2. Let’s revisit one of the good quality metadata records for marine science related data we met in previous Things. Why do you think the following record is considered ‘good quality’?  Hint: consider both the type and quality of information provided. What metadata included in this record help discovery and reuse of the data?

3. Explore the UK Digital Curation Center’s Directory of Disciplinary Metadata. You might find a schema that is applicable to your research!

Consider : Why, if metadata is the lifeblood of data discoverability and reuse, is it often neglected or not richly done when data is published.

Activity 2: Controlled vocabularies for data description

In addition to selecting a metadata standard or schema, whenever possible you should also use a controlled vocabulary.

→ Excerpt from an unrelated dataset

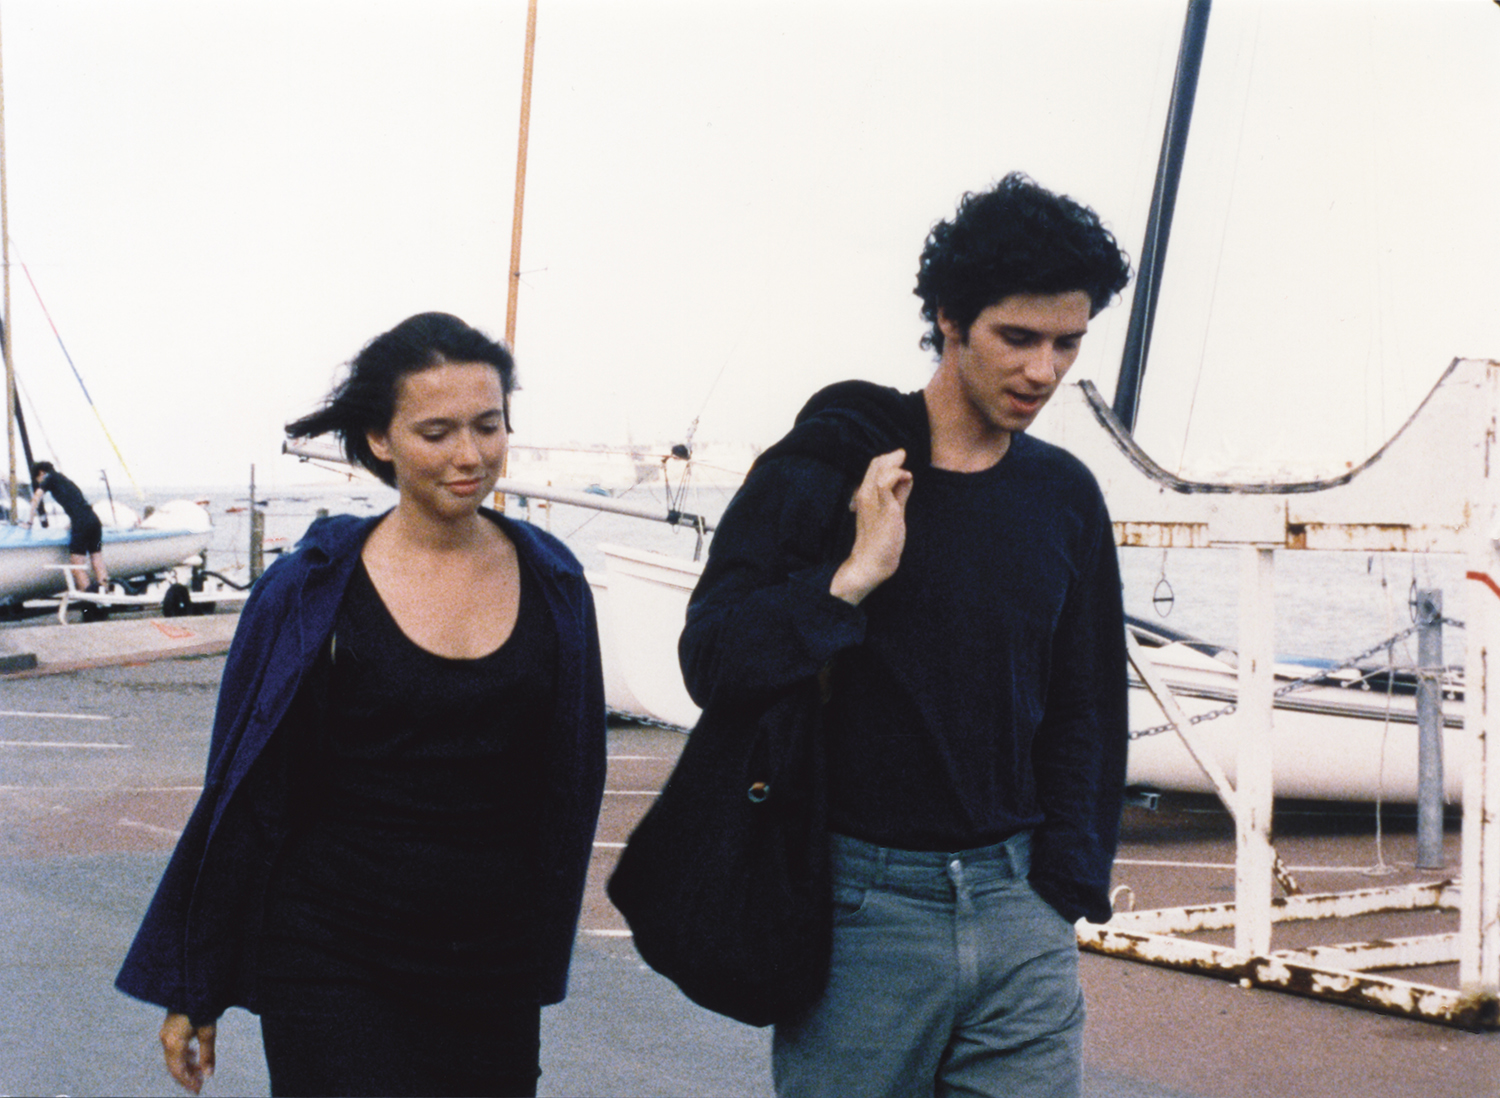 Still of Amanda Langlet and Melvil Poupaud in Conte d'été (1996)

A controlled vocabulary provides a consistent way to describe data - location, time, place name, subject.

Controlled vocabularies significantly improve data discovery. It makes data more shareable with researchers in the same discipline because everyone is ‘talking the same language’ when searching for specific data eg plants, animals, medical conditions, places etc.

1. Start by browsing Controlling your Language: a Directory of Metadata Vocabularies from JISC in the UK. Make sure you scroll down to section 5. Conclusion - it's worth a read.

2. We are going to see some controlled vocabularies in action in the Atlas of Living Australia (ALA). 

a. Do a search in the ALA search engine. Type “whale” in the search box. Choose your favourite whale species and click on the (red text) View record link.  

b. Any metadata field where you see Supplied... tells you that the information supplied by the person who submitted the record (often a 'citizen scientist') has been changed to the controlled vocabulary being used in metadata fields eg Observer, Record date and Common name.

Consider: How do you think we could encourage people to use controlled vocabularies in their data descriptions?